Advanced: Lightning Integration
MatterTune uses PyTorch Lightning as its core training framework. This document outlines how Lightning is integrated and what functionality it provides.
Core Components
LightningModule Integration
The base model class FinetuneModuleBase
inherits from LightningModule
and provides:
Automatic device management (GPU/CPU handling)
Distributed training support
Built-in training/validation/test loops
Logging and metrics tracking
Checkpoint management
class FinetuneModuleBase(LightningModule):
def training_step(self, batch, batch_idx):
output = self(batch)
loss = self._compute_loss(output["predicted_properties"], self.batch_to_labels(batch))
return loss
def validation_step(self, batch, batch_idx):
output = self(batch)
self._compute_loss(output["predicted_properties"], self.batch_to_labels(batch))

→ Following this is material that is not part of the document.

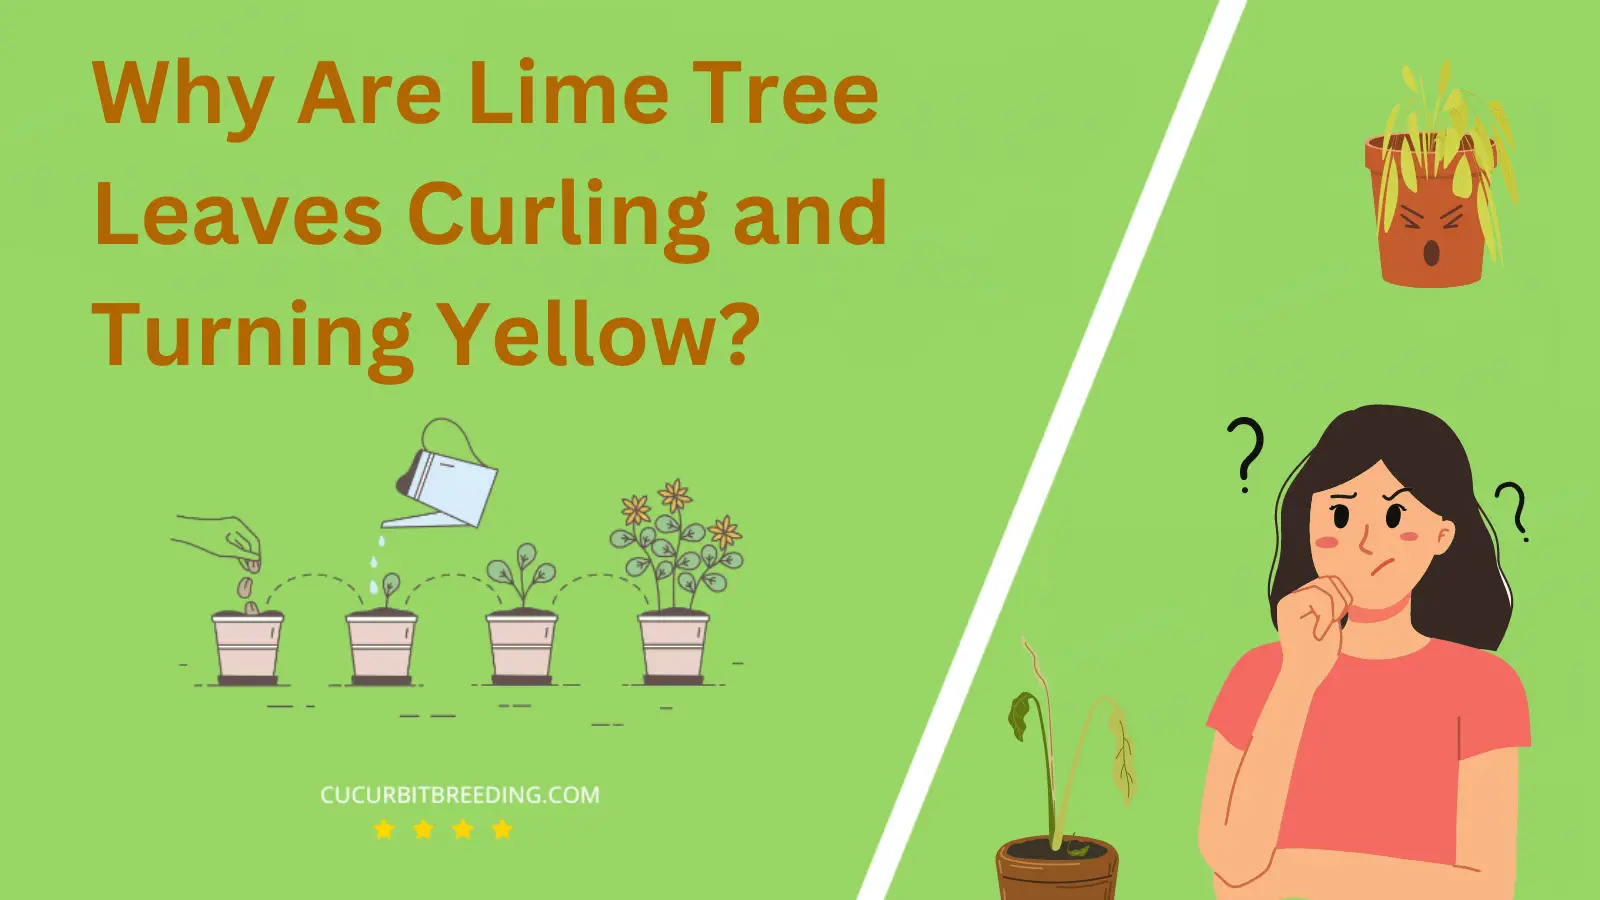 Why Are Lime Tree Leaves Curling and Turning Yellow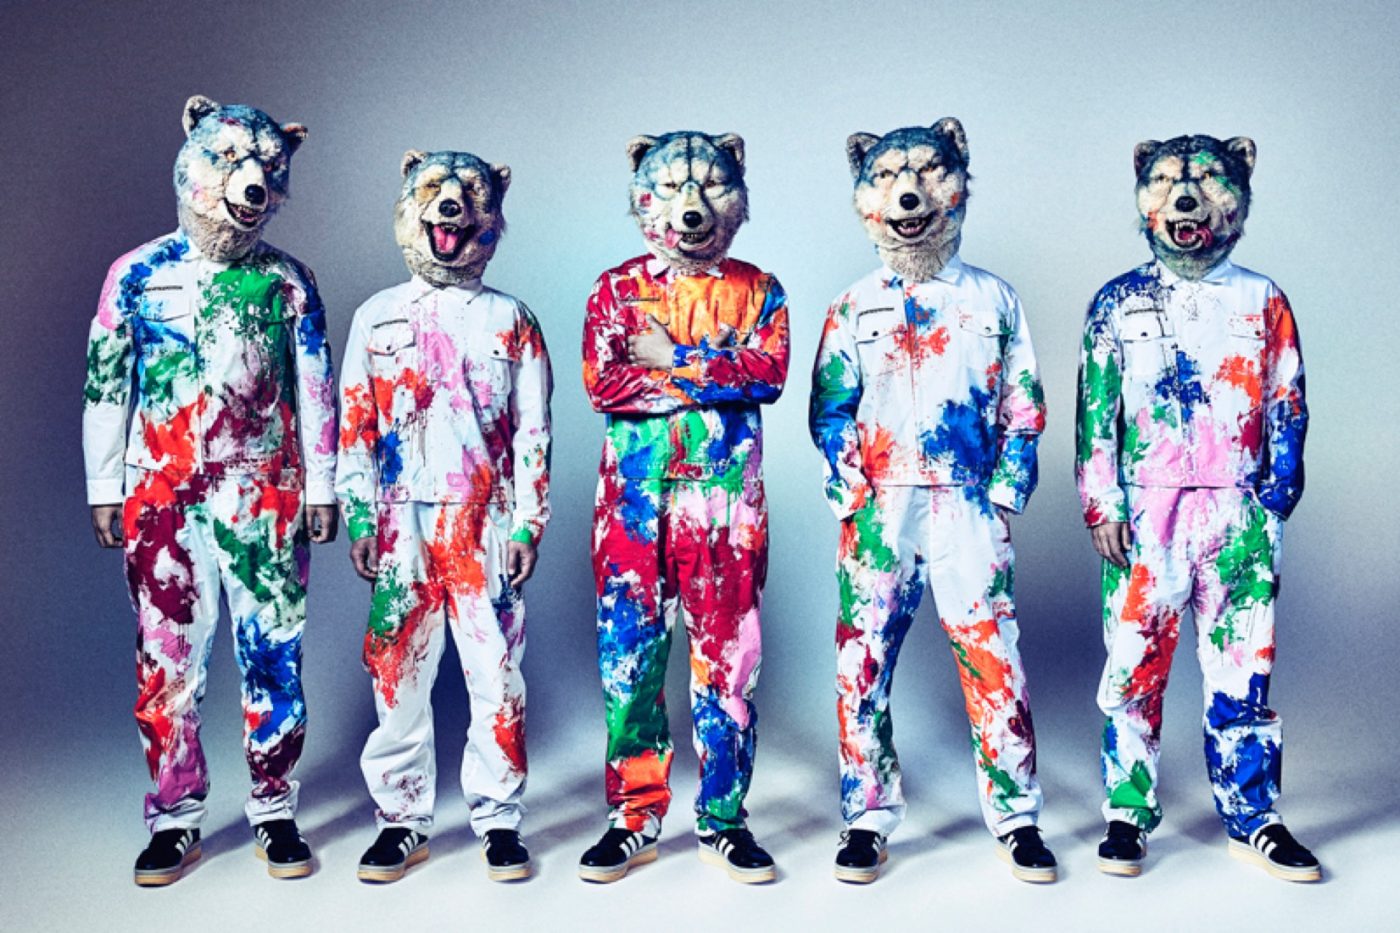 MAN WITH A MISSION、連続アルバム第2弾の発売＆全国ツアー開催決定

def test_step(self, batch, batch_idx):
output = self(batch)
self._compute_loss(output["predicted_properties"], self.batch_to_labels(batch))
def configure_optimizers(self):
return create_optimizer(self.hparams.optimizer, self.parameters())
Data Handling
MatterTune uses Lightning’s DataModule system for standardized data loading:
class MatterTuneDataModule(LightningDataModule):
def prepare_data(self):
# Download data if needed
pass
def setup(self, stage):
# Create train/val/test splits
self.datasets = self.hparams.create_datasets()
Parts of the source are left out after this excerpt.